"Quero imaginar sob que novos traços o despotismo poderia produzir-se no mundo... Depois de ter colhido em suas mãos poderosas cada indivíduo e de moldá-los a seu gosto, o governo estende seus braços sobre toda a sociedade... Não quebra as vontades, mas as amolece, submete e dirige... Raramente força a agir, mas opõe-se sem cessar a que se aja; não destrói, impede que se nasça; não tiraniza, incomoda, oprime, extingue, abestalha e reduz enfim cada nação a não ser mais que um rebanho de animais tímidos, do qual o governo é o pastor. (...)
A imprensa é, por excelência, o instrumento democrático da liberdade." Alexis de Tocqueville
(1805-1859)

"A democracia é a pior forma de governo imaginável, à exceção de todas as outras que foram experimentadas." Winston Churchill.

terça-feira, 24 de junho de 2014

POUCA MUDANÇA

Discursos na convenção do PT não ocultam contradições do partido e repetem visão estereotipada sobre o debate político brasileiro

Continuidade e mudança: este seria o eixo que, nominalmente, orienta a campanha pela reeleição de Dilma Rousseff à Presidência da República. Não sem habilidade, o lema procura dar conotação positiva às atuais dificuldades da postulação petista.

Com a popularidade em baixa, num clima de pessimismo econômico, Dilma não tem como se apresentar ao eleitorado sem acenar com alguma correção de rumos.

Ao mesmo tempo, busca reassegurar os que a apoiam --e a manutenção das políticas sociais aprofundadas a partir do governo Lula constitui, por assim dizer, o marco mínimo a partir do qual traçar o discurso de campanha.

Embora o binômio da continuidade e da mudança expresse um equilíbrio retórico delicado, não se trata, em tese, de nenhuma quadratura do círculo. Mas os problemas dessa formulação se amplificam quando se tenta concretizá-la.

Vieram acrescidos de sérias contradições, aliás, na cerimônia de oficialização da candidatura Dilma, ocorrida neste sábado (21).

Mudanças, por certo, são necessárias; mas quais? Além de promessas requentadas sobre desburocratização, universalização da banda larga e reforma política, em torno de que prioridades se aglutina o heterogêneo espectro de alianças partidárias que, agora com a exceção do PTB, supostamente daria base parlamentar aos projetos legislativos de Dilma?

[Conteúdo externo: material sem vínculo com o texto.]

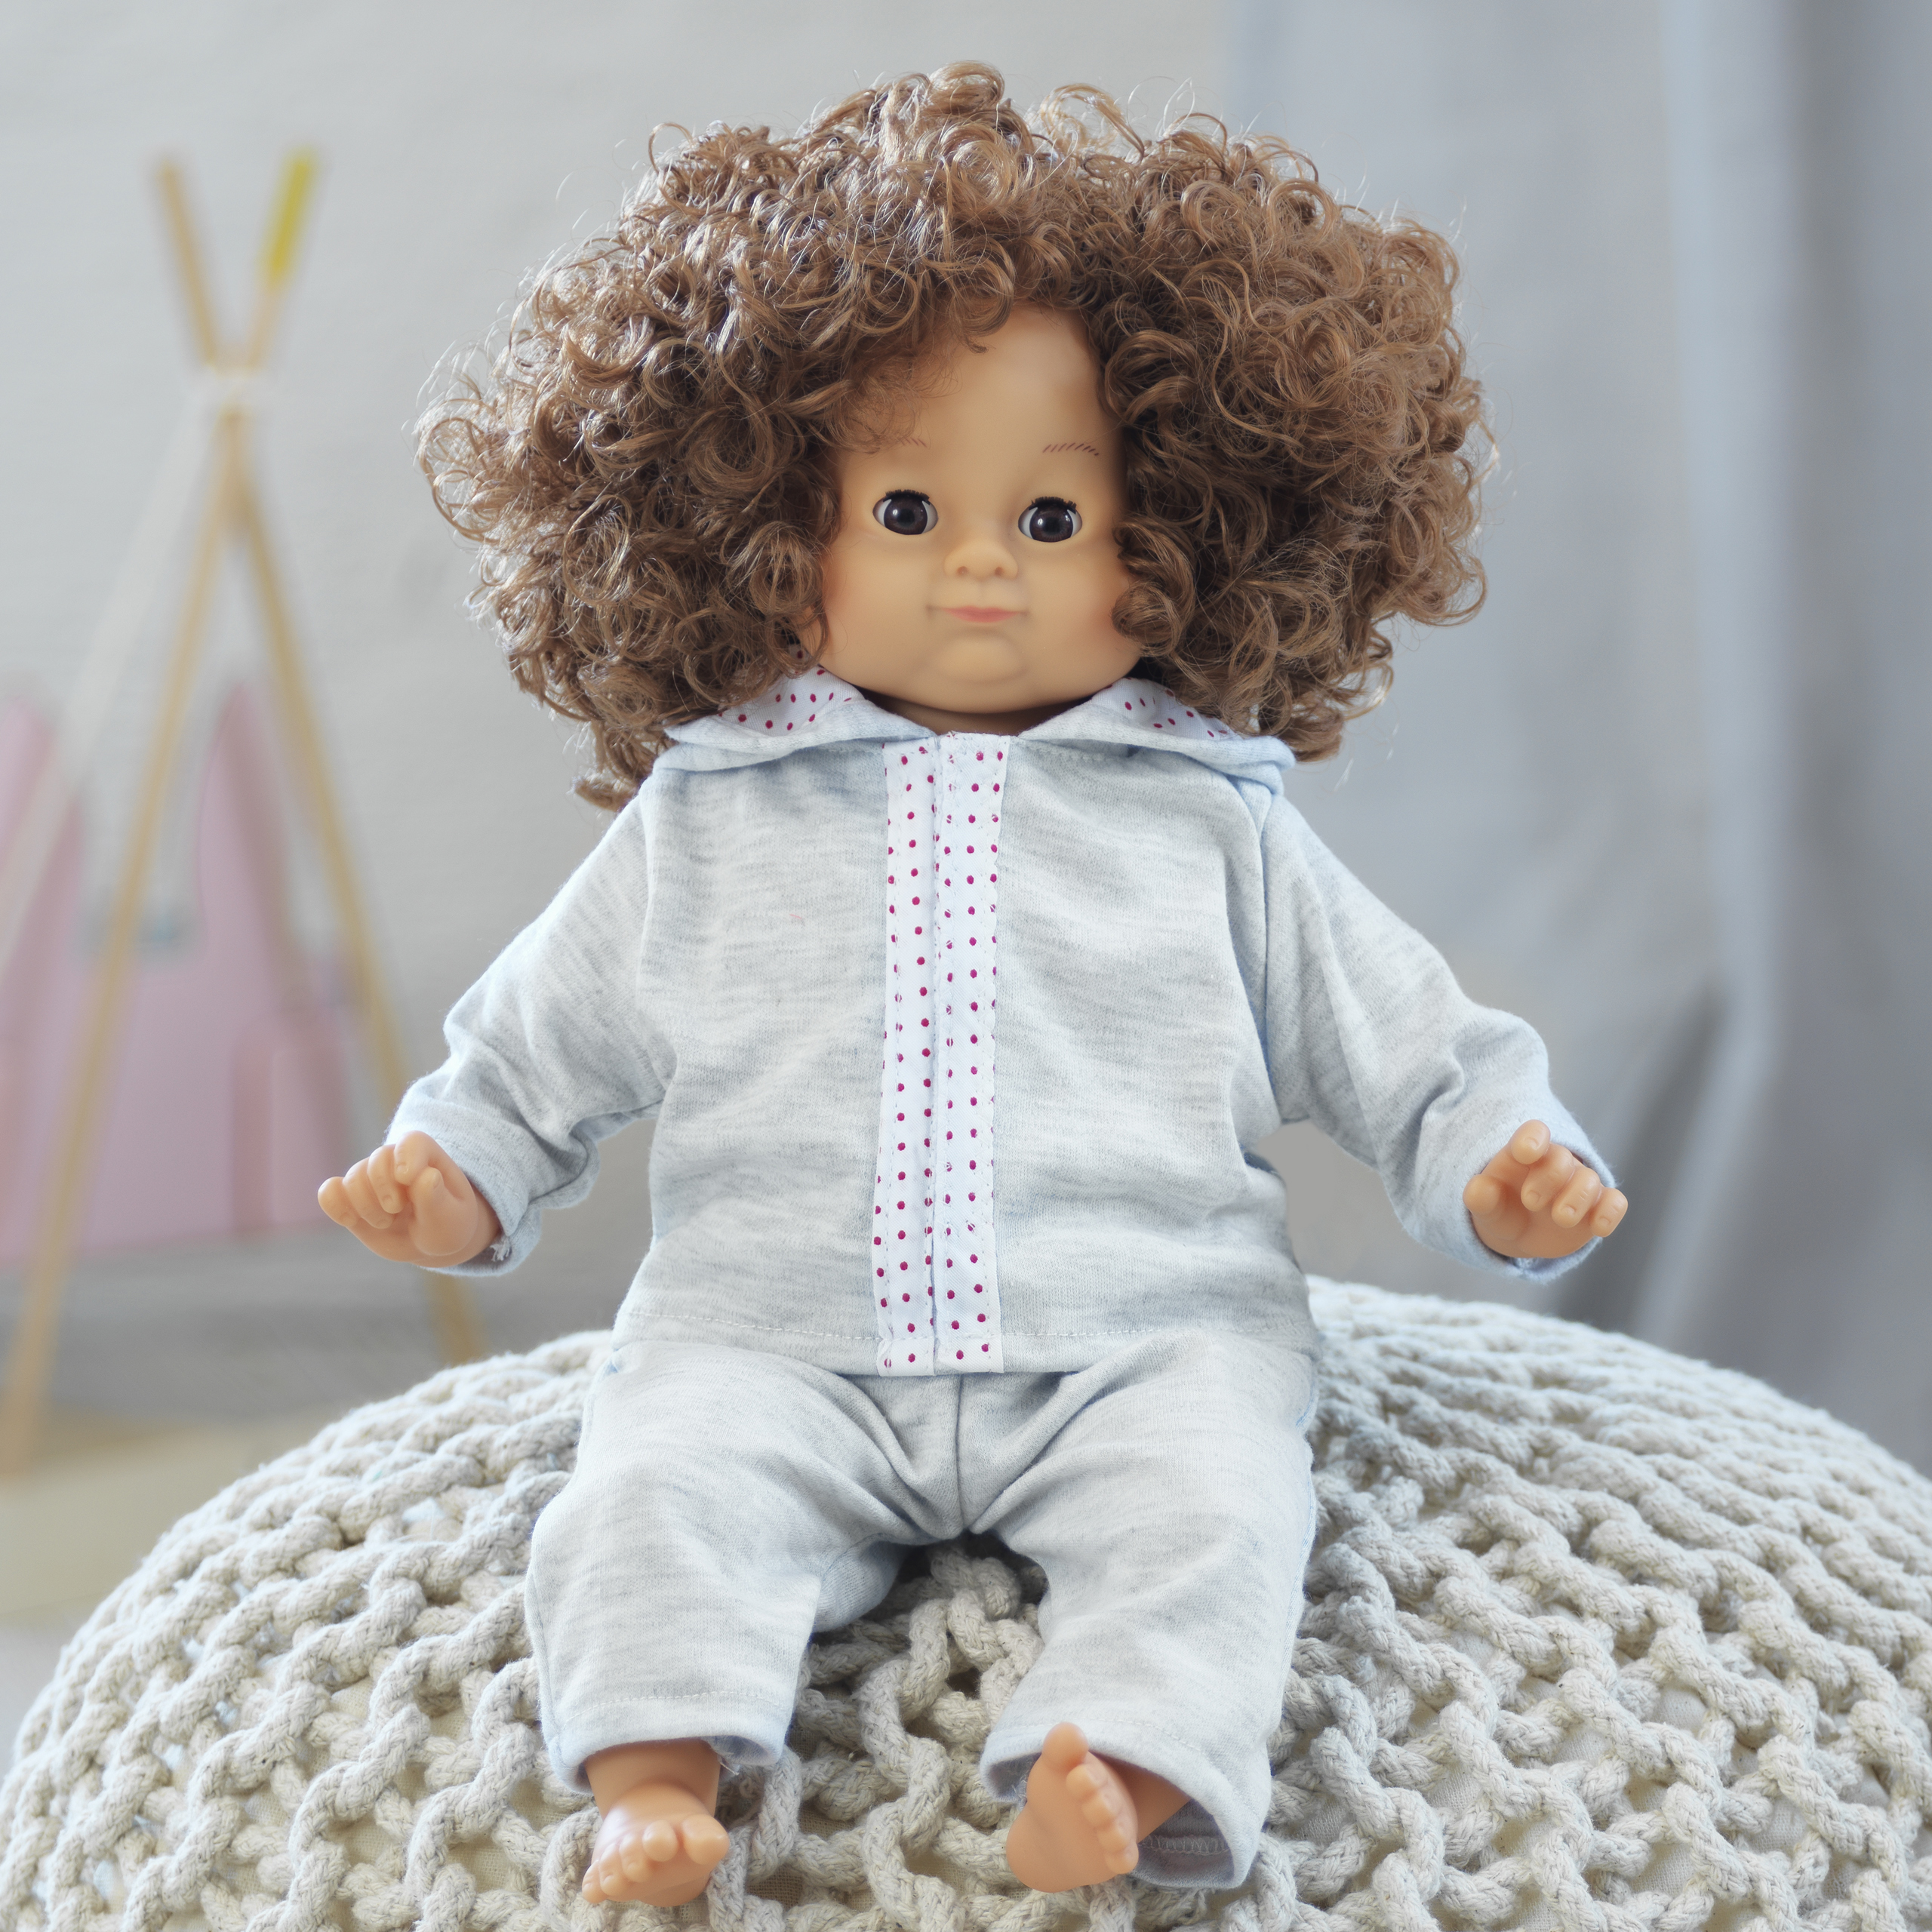 Doll clothes lundby	doll clothes casual dress 36 cm

Quanto à "continuidade", tampouco é claro o que significa. Até mesmo os setores mais entusiastas do petismo sabem que a lista das demandas sociais tende a ser inesgotável, e que a pauta de benefícios agora colocada pela sociedade é de outra natureza.

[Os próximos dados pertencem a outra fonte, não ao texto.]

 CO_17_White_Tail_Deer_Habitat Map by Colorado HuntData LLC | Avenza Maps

A bandeira da continuidade só se sustenta, em termos eleitorais, por meio de outro recurso: o da demonização do adversário. Seria para evitar uma "volta ao passado" --com o fantasma de um declínio no nível de renda dos mais pobres-- que valeria a pena manter tudo como está.

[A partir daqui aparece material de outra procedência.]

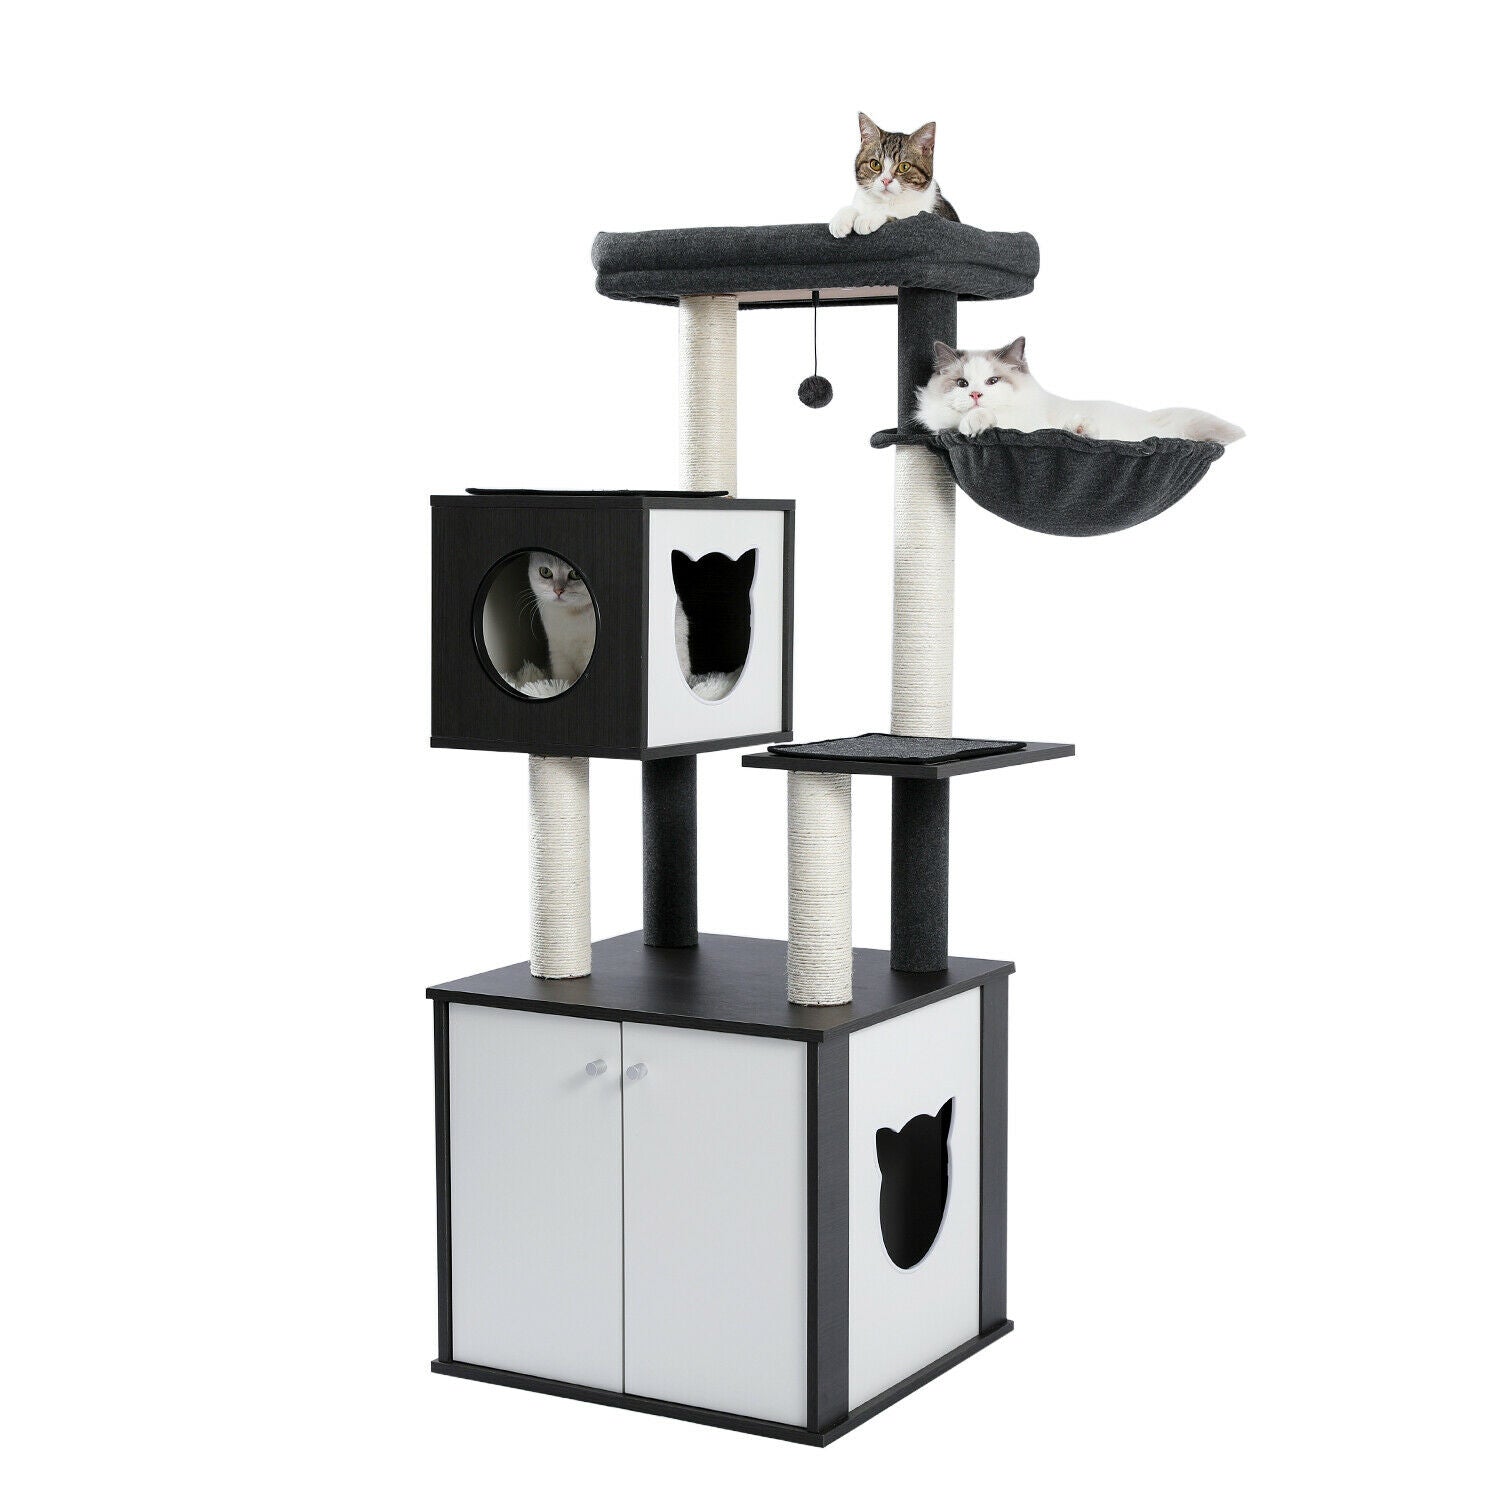 Modern Black All-in-One Cat Tree Tower with Multi-Functional Cat Litter Box House, Cat Condo, Hammock, and Scratching Post for Cats

Surge a partir daí um outro binômio, este sim perverso, na orientação da campanha petista. Enquanto a candidata Dilma Rousseff aposta num perfil mais simpático e aberto ao diálogo com outros setores da sociedade, em especial o empresariado, Lula e outras figuras do PT alimentam a sede de maniqueísmo da militância.

Na convenção de sábado, alternou-se a atitude vitimizante que atribui a conspirações de direita o "ódio" contra o PT e o discurso inverso, o do ataque indiscriminado. Nesse mar de contradições em que o partido navega, o dedo apontado contra as "elites brancas" não impede a mão estendida a antigos defensores do regime militar.